Es riecht danach, es schmeckt danach und es klingt danach – seit zwei Monaten hat uns Weihnachten mit all seinen Facetten voll im Griff.  Für manche ist es das lang ersehnte Highlight des Jahres, für andere fühlt es sich nur wie der stressige Endspurt des Kalendertage an. Warum nicht mal was Neues wagen und Weihnachten abschaffen?

PRO CONTRA
Menschen brauchen Rituale. Sie geben unserem Alltag Struktur und erfinden einen Sinn dafür, tagtäglich aufzustehen. Weihnachten ist eines dieser Rituale. Sobald die ersten Weihnachtsmänner in den Supermärkten stehen, soll man dem Fest der Feste entgegenfiebern. Die Folge: Es riecht, es schmeckt und es klingt nach Weihnachten. Das ist gut. Aber es bleibt nicht dabei. Denn Weihnachten ist auch das Fest, das für Konsumrausch, für Familienkonflikte, für Völlerei und sozialen Stress steht. Aber eins nach dem Anderen:

Kaufrausch: Schenken um zu schenken

Emsig zieht der Otto-Normalverbraucher in der Adventszeit über die ohnehin überfüllten Weihnachtsmärkte und durch die Kaufhäuser, um für jeden noch so verwandten und bekannten ein Geschenk zu ergattern. Weihnachten und Geschenke gehören für viele einfach zusammen. Allerdings geht es nicht darum, was verschenkt wird, sondern das überhaupt etwas verschenkt wird. Denn es herrscht eine soziale Norm: Du bekommst Geschenke, also musst du auch schenken – ob du willst oder nicht.

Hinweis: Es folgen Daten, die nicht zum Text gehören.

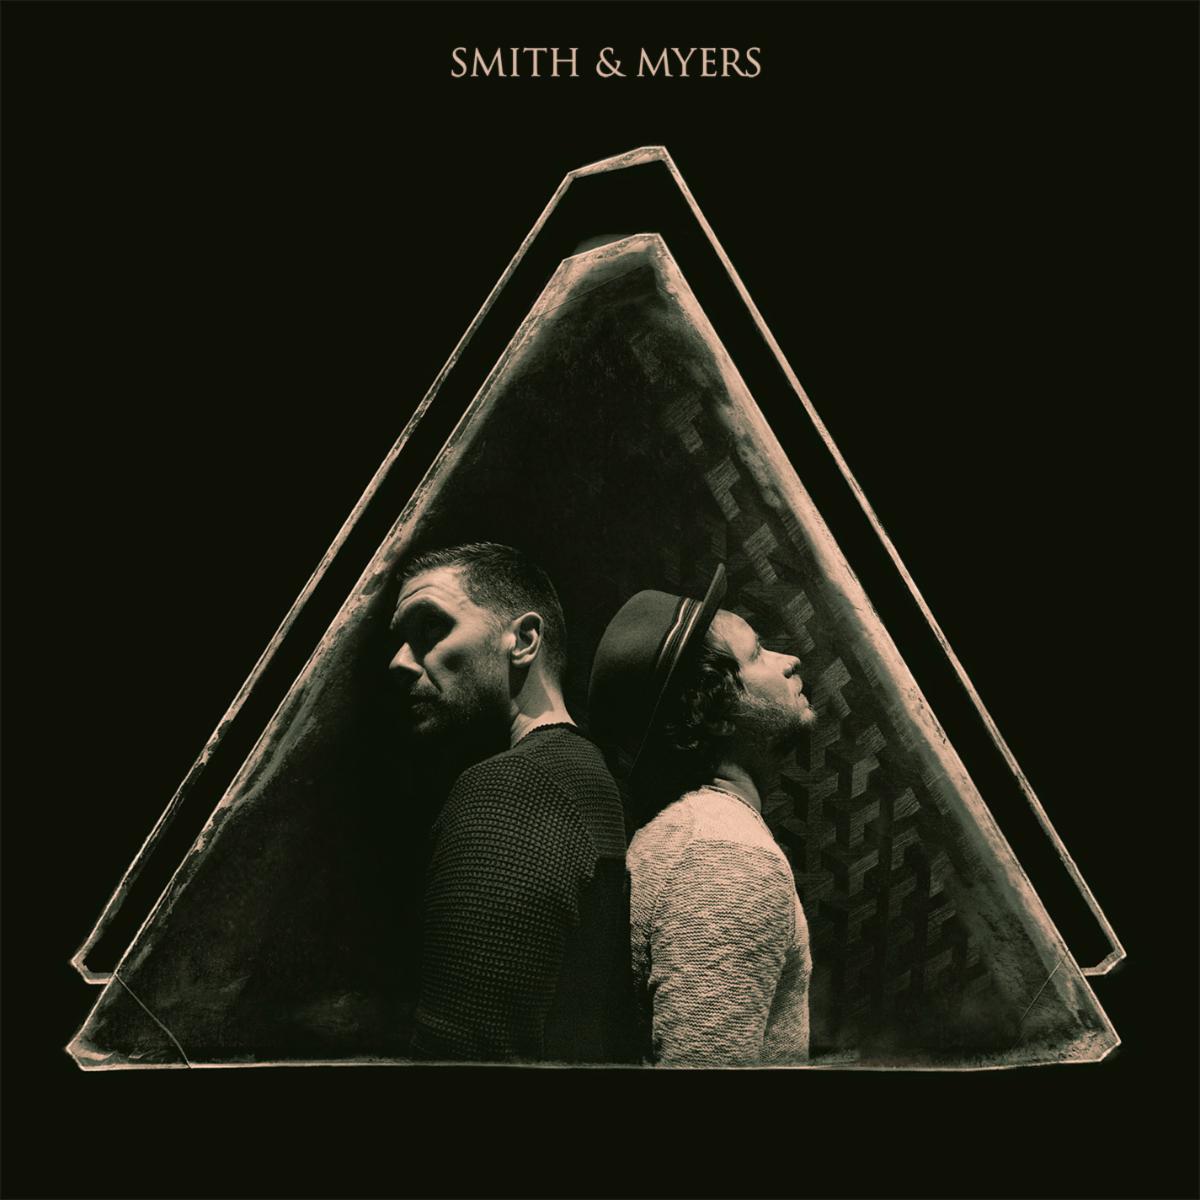 Brent Smith & Zach Myers (Smith & Myers) Release New Album Smith & Myers Volume 2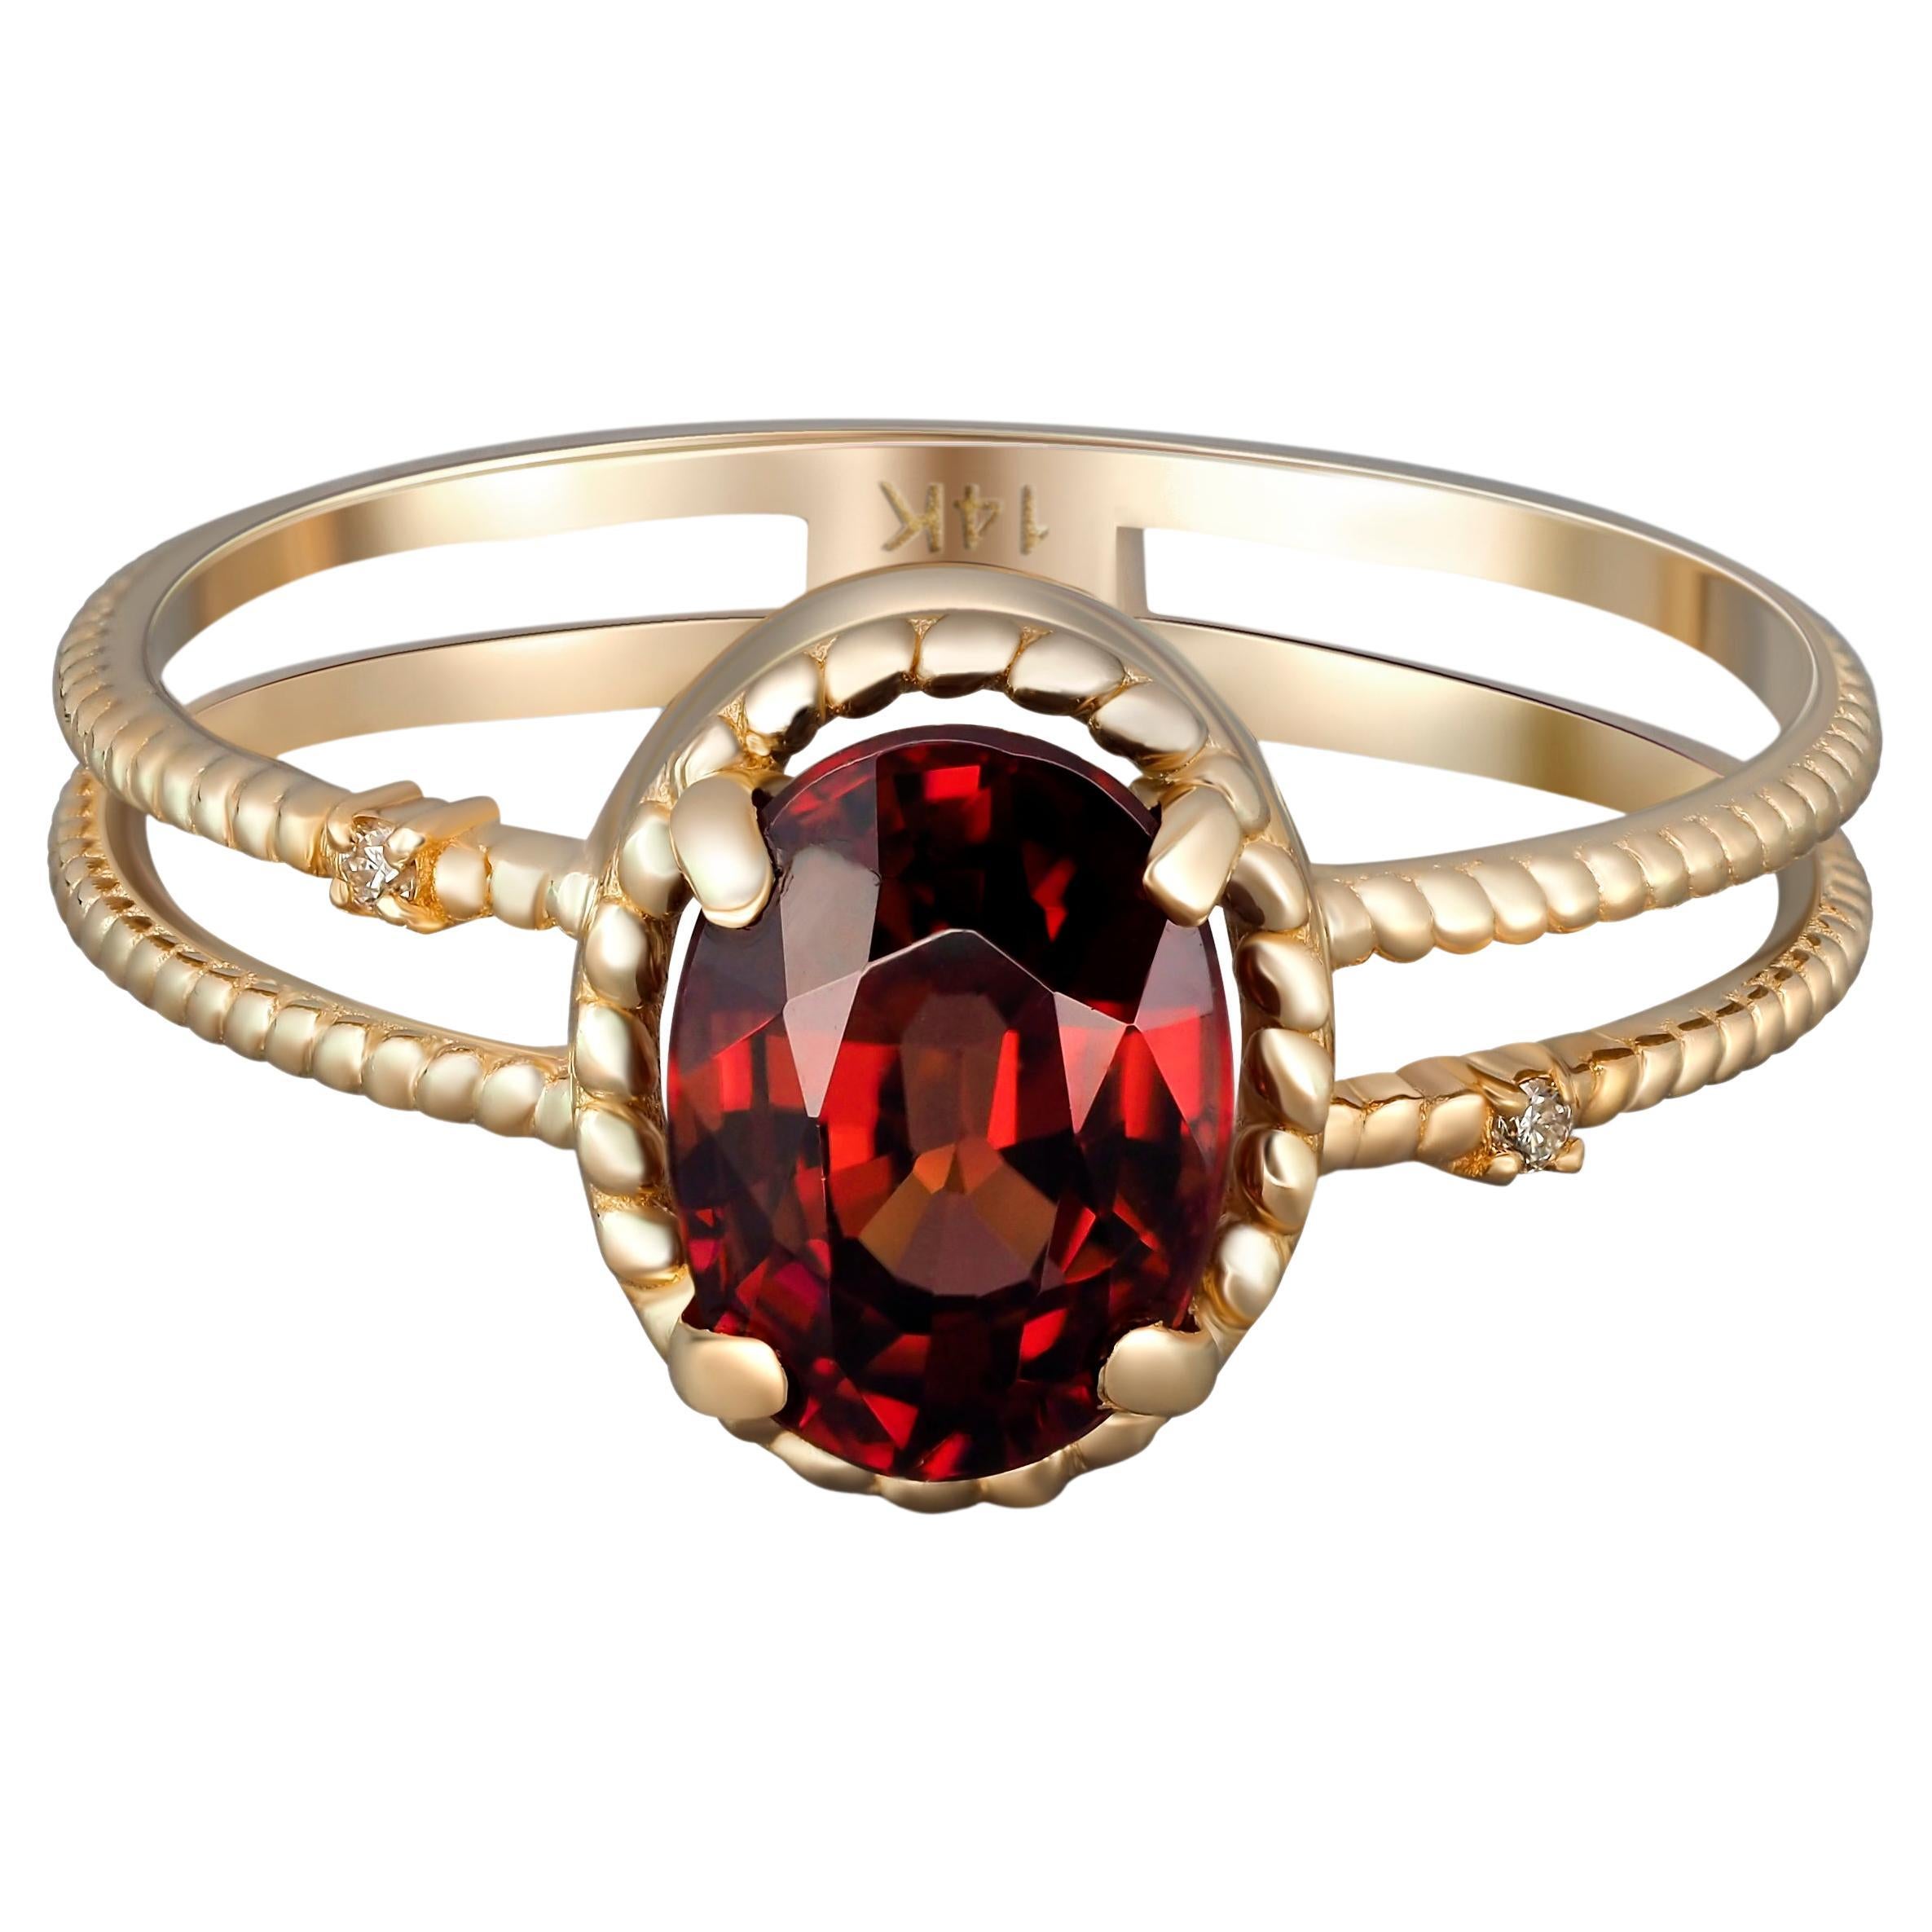  Oval Garnet Ring in 14k gold For Sale

Familienkonflikte sind vorprogrammiert

Zu keiner Zeit im Jahr muss Familie so gut funktionieren, wie an den Festtagen. Denn Weihnachten ist das Fest der Liebe. Und wenn die schon im Rest des Jahres verloren gegangen ist, dann solle man sie doch bitte an drei Tagen vorm Tannenbaum ausleben. Einmal Einigkeit und Heiterkeit für das Familienalbum bitte. Funktioniert nicht? Wie sollte es auch? Wenn an 362 Tagen im Jahr das Gegenteil gelebt wird, dann kann es zu Weihnachten nicht anders sein.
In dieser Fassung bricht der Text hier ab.